GLIM can probe deep into thick samples by controlling the path length over which light travels through the specimen. The technique allows the researchers to produce images from multiple depths that are then composited into a single 3D image.

To demonstrate the new method, Popescu's group joined forces with Wheeler and his team to examine cow embryos. "Having a noninvasive way to correlate to embryo viability is key; before GLIM, we were taking more of an educated guess," Wheeler explains. Those educated guesses are made by examining factors like the color of fluids inside the embryonic cells and the timing of development, among others, but there is no universal marker for determining embryo health, he says.

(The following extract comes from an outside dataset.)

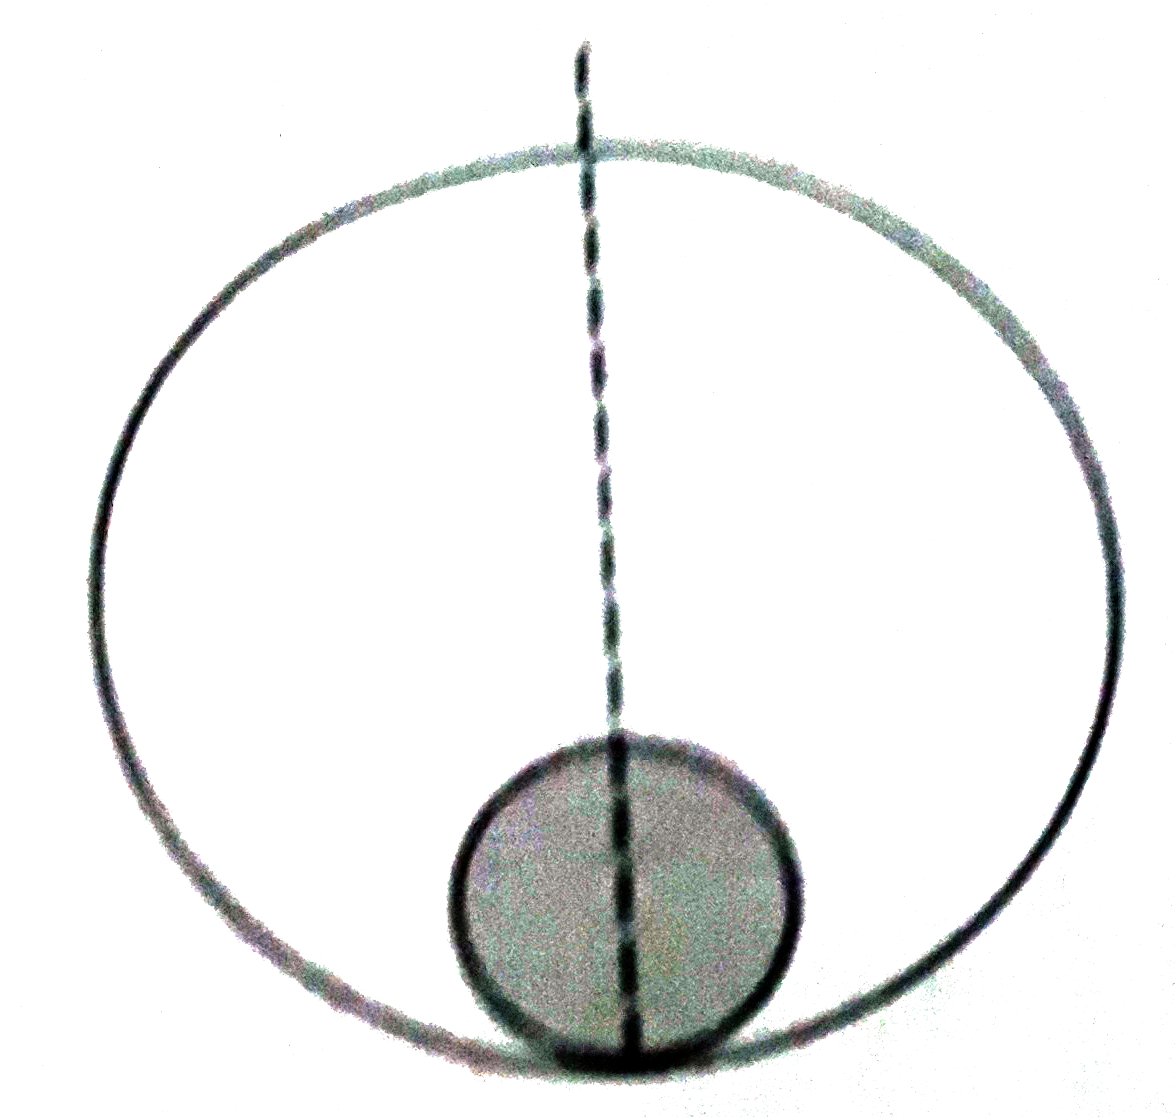 चित्र 20.E2 में m द्रव्यमान  एवं r   त्रिज्या  का एक  ठोस  गोला M  द्रव्यमान  एवं R   त्रिज्या  वाले एक  पतले  गोलीय  कोश  में रखा  हुआ है।  दोनो  के केद्रो  को मिलानेवाली  रेखा  पर एवं गोले  तथा  कोश  के  संपर्क- बिंदु से x दूरी पर m द्रव्यमान  का एक कण  रखा गया है। इस  कण पर गोले  तथा  कोश के  कारण  लगनेवाले  परिणामी  गुरूत्वीय  बल  का परिमाण  ज्ञात करें  यदि।    (a) r lt x lt 2r  , ( b)  2 r  lt x lt 2R  तथा  ( c)  x gt 2R

A gradient light interference microscopy image of a rendered cow embryo that was cut through the center to reveal internal structures. (Courtesy of Gabriel Popescu)

"This method lets us see the whole picture, like a three-dimensional model of the entire embryo at one time," says Tan Nguyen, the other co-lead author of the study. The next test for the researchers, though, will be to prove that they have picked a healthy embryo and that it has gone on to develop a live calf, says Marcello Rubessa, a postdoctoral researcher and co-author of the study.

The team hopes to apply GLIM technology to human fertility research and treatment, as well as a range of different types of tissue research. Popescu plans to continue collaborating with other biomedical researchers, and already has had success looking at thick samples of brain tissue in marine life for neuroscience studies.

Full details of the work appear in the journal Nature Communications.